*** Begin section ***
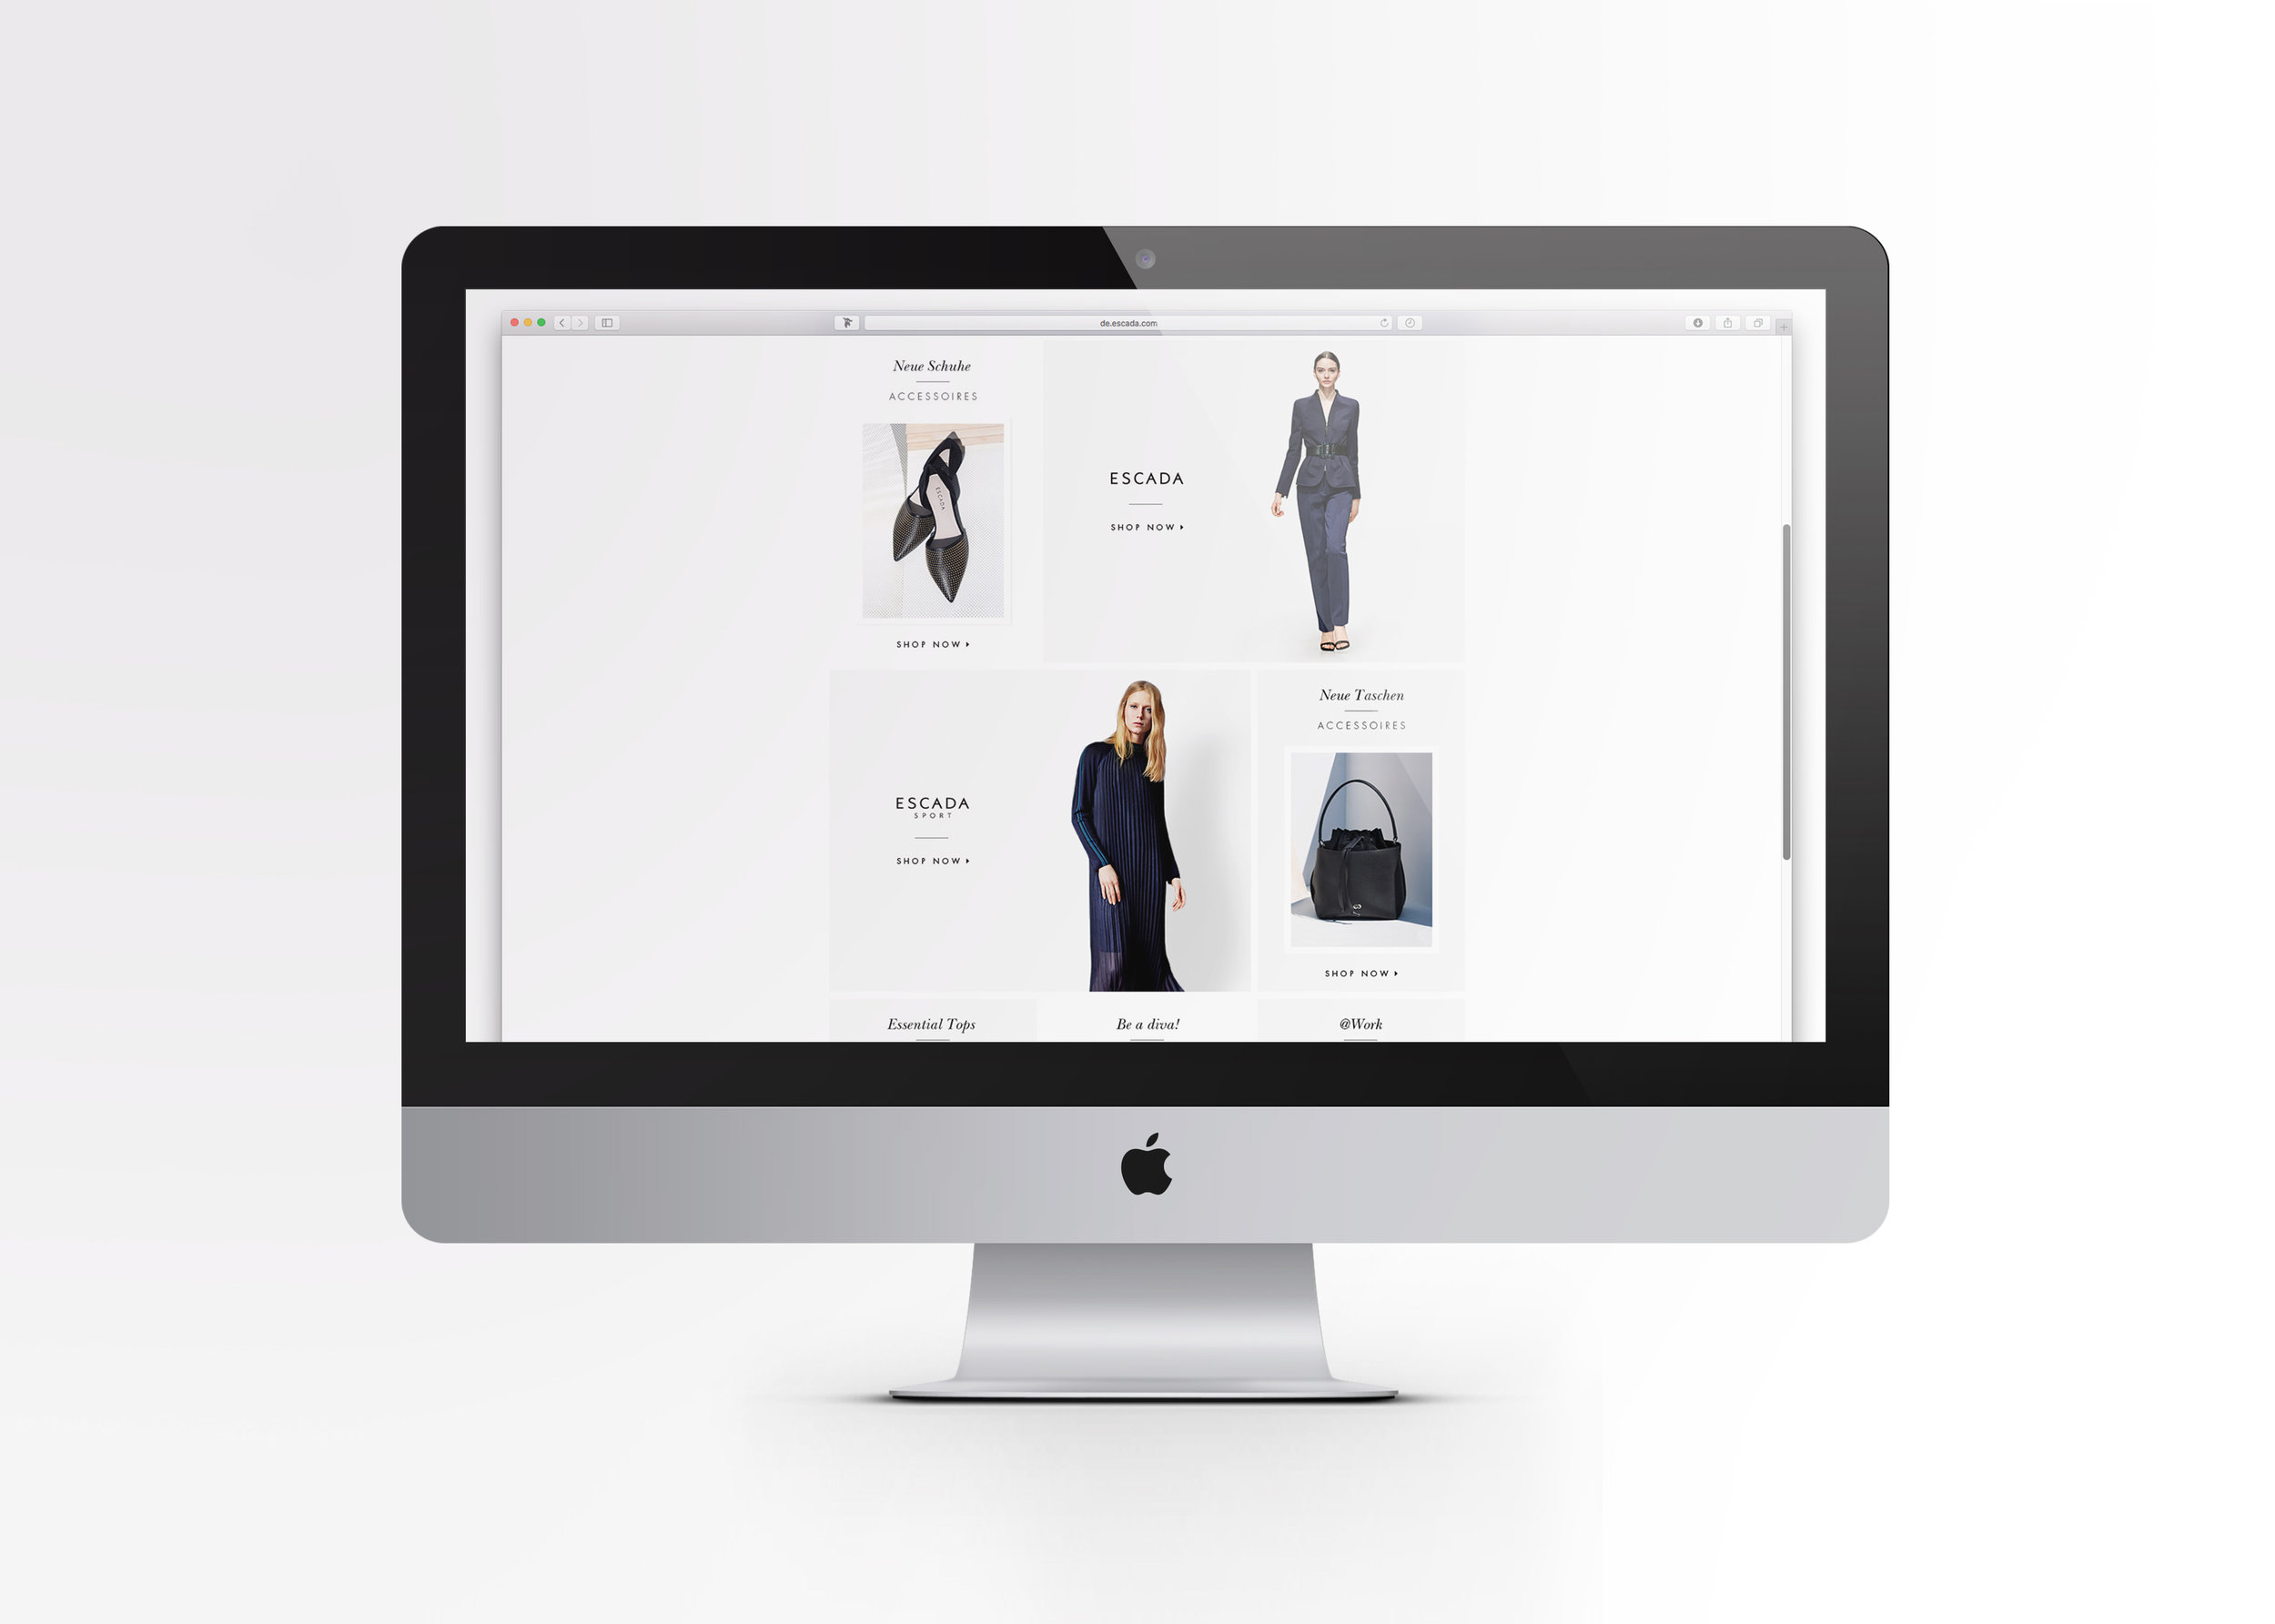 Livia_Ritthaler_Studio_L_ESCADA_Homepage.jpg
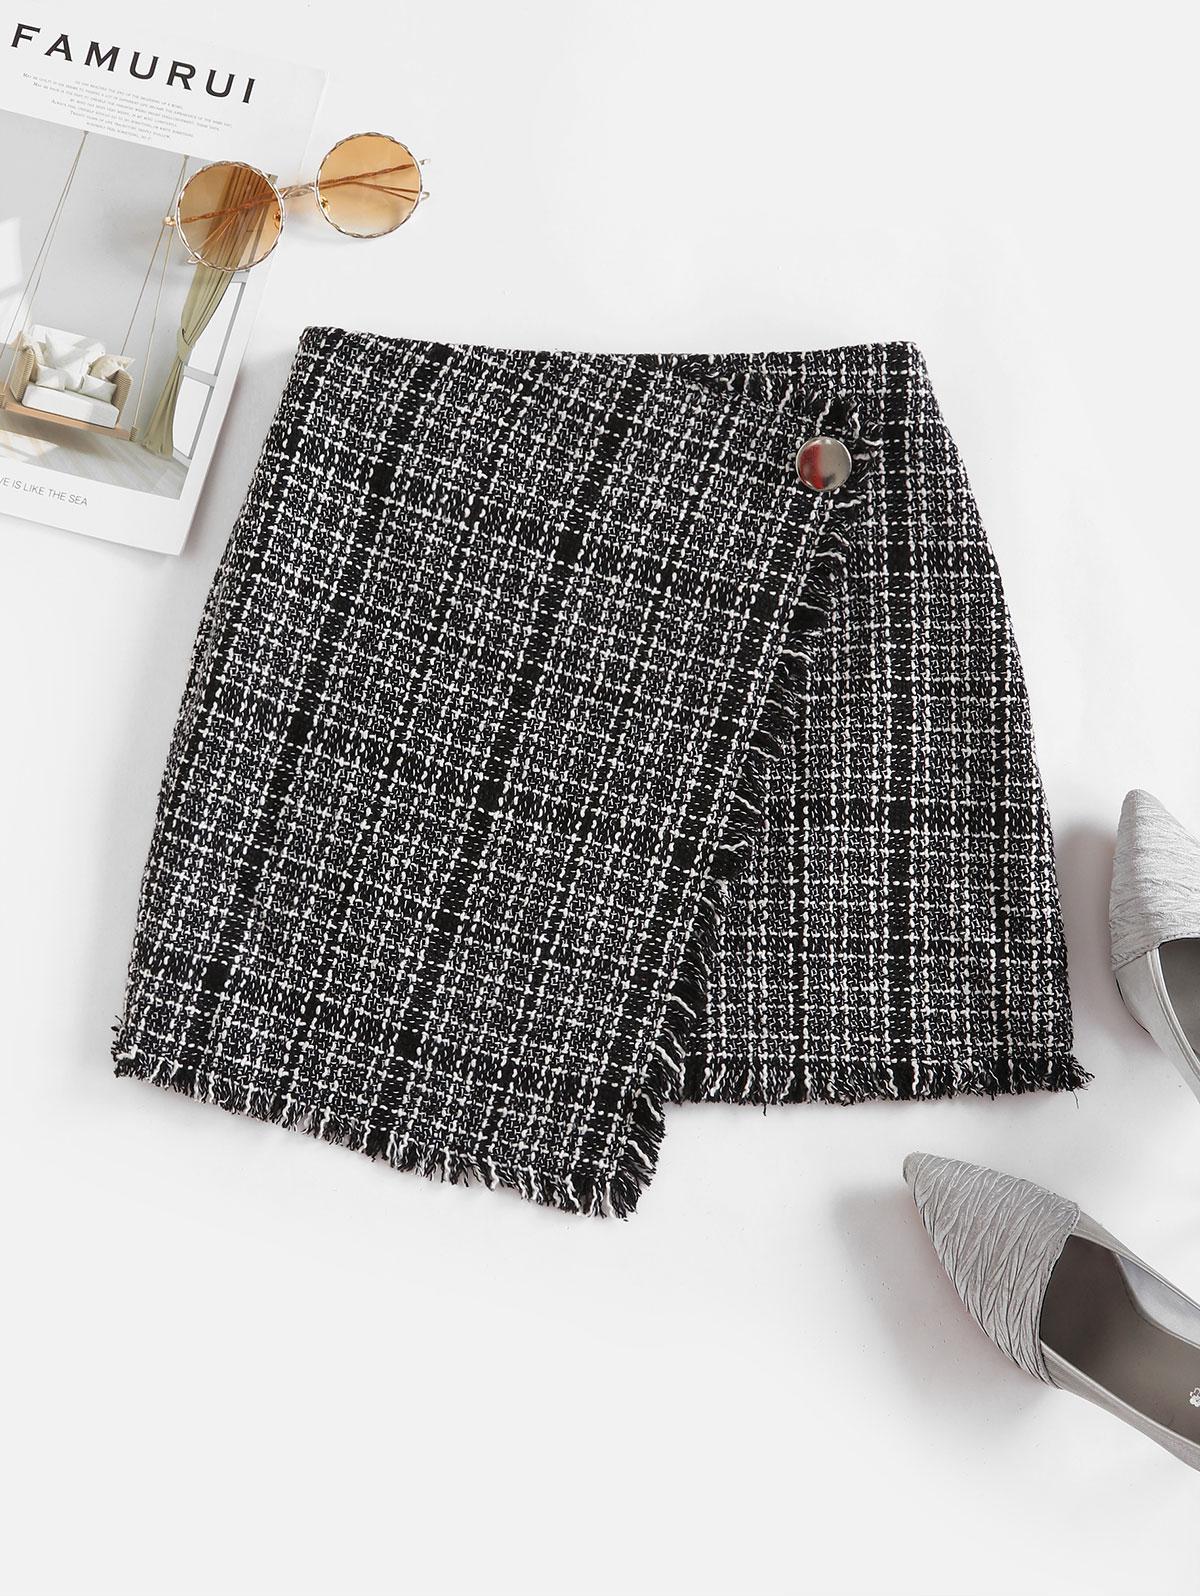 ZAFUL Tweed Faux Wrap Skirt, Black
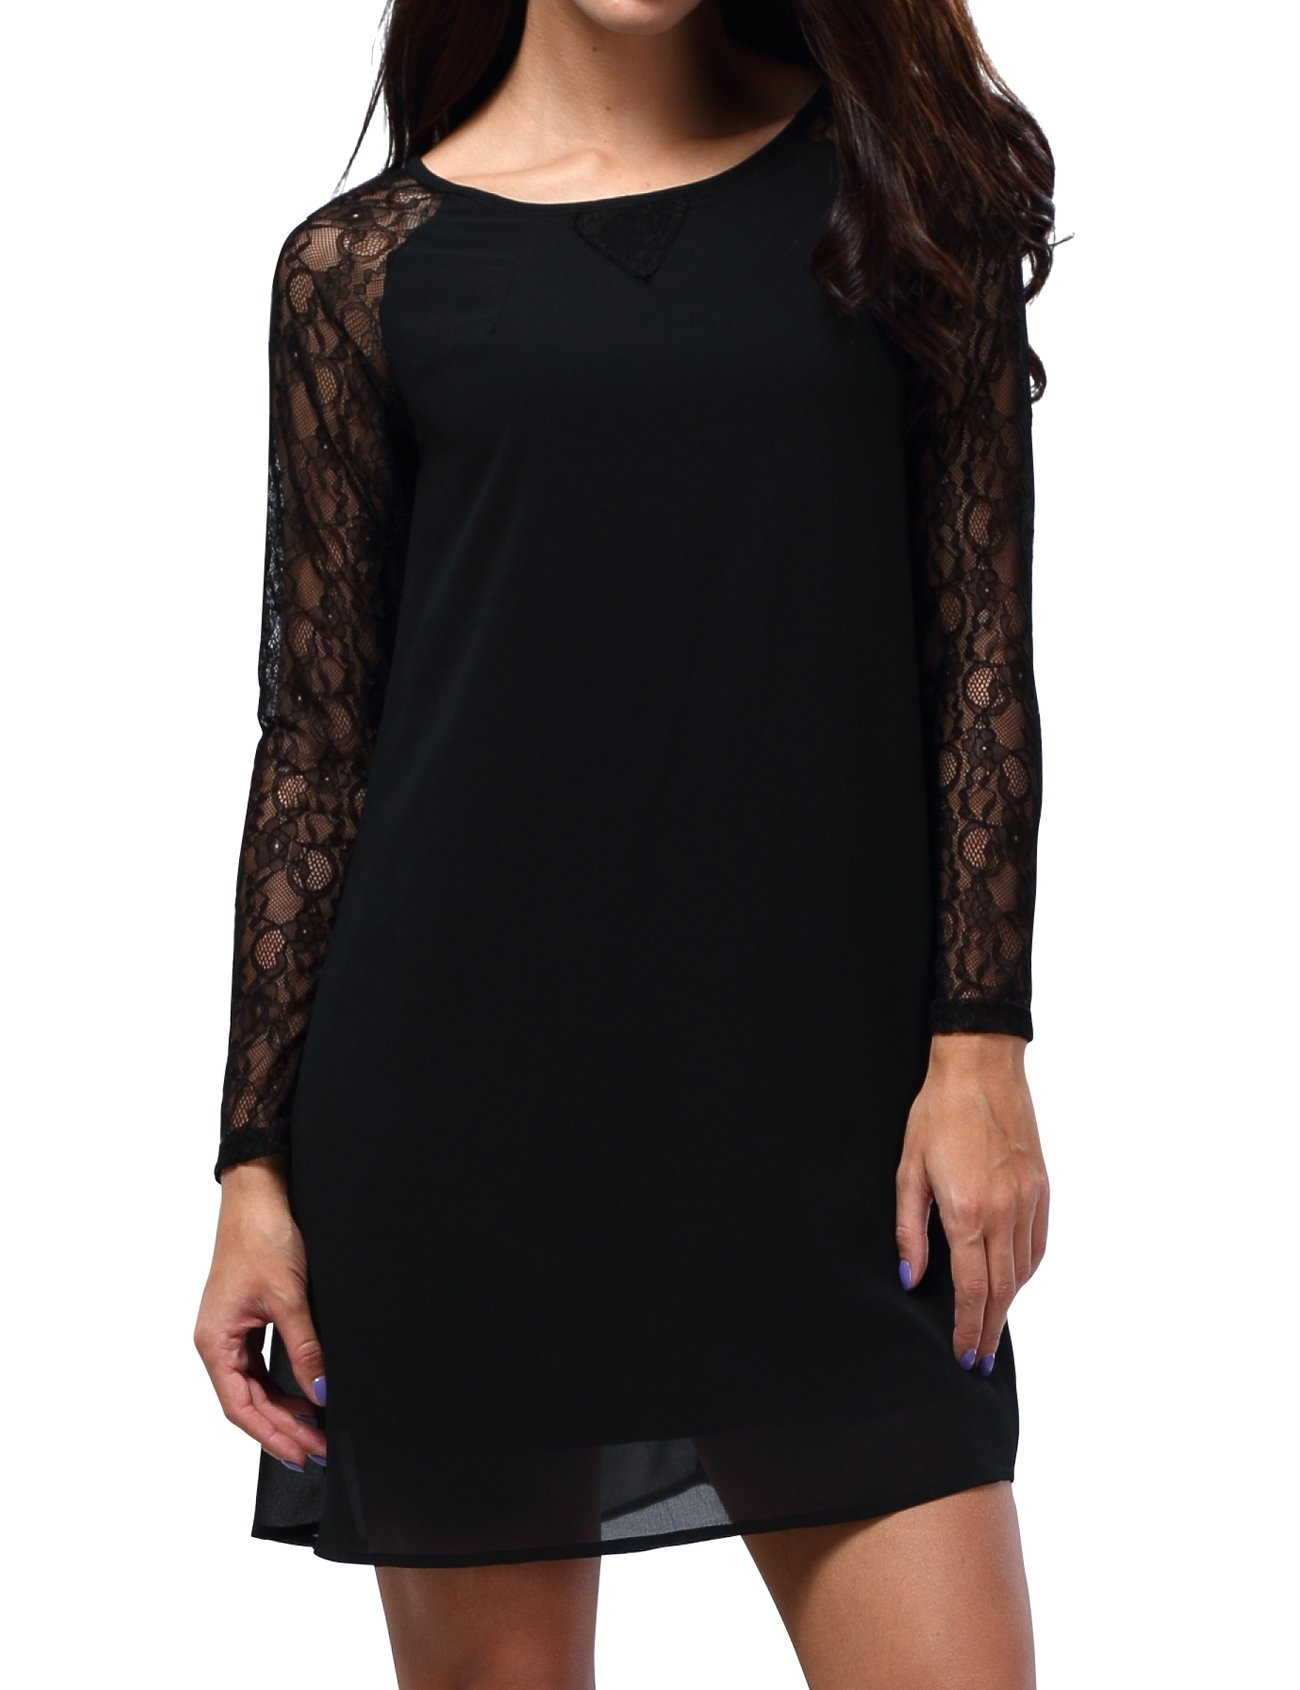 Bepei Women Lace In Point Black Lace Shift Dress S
*** End section ***
## What needs to be done
Reproduce everything above exactly, images excluded.

## Response for this exercise
 Livia_Ritthaler_Studio_L_ESCADA_Homepage.jpg
 ZAFUL Tweed Faux Wrap Skirt, Black
 Bepei Women Lace In Point Black Lace Shift Dress S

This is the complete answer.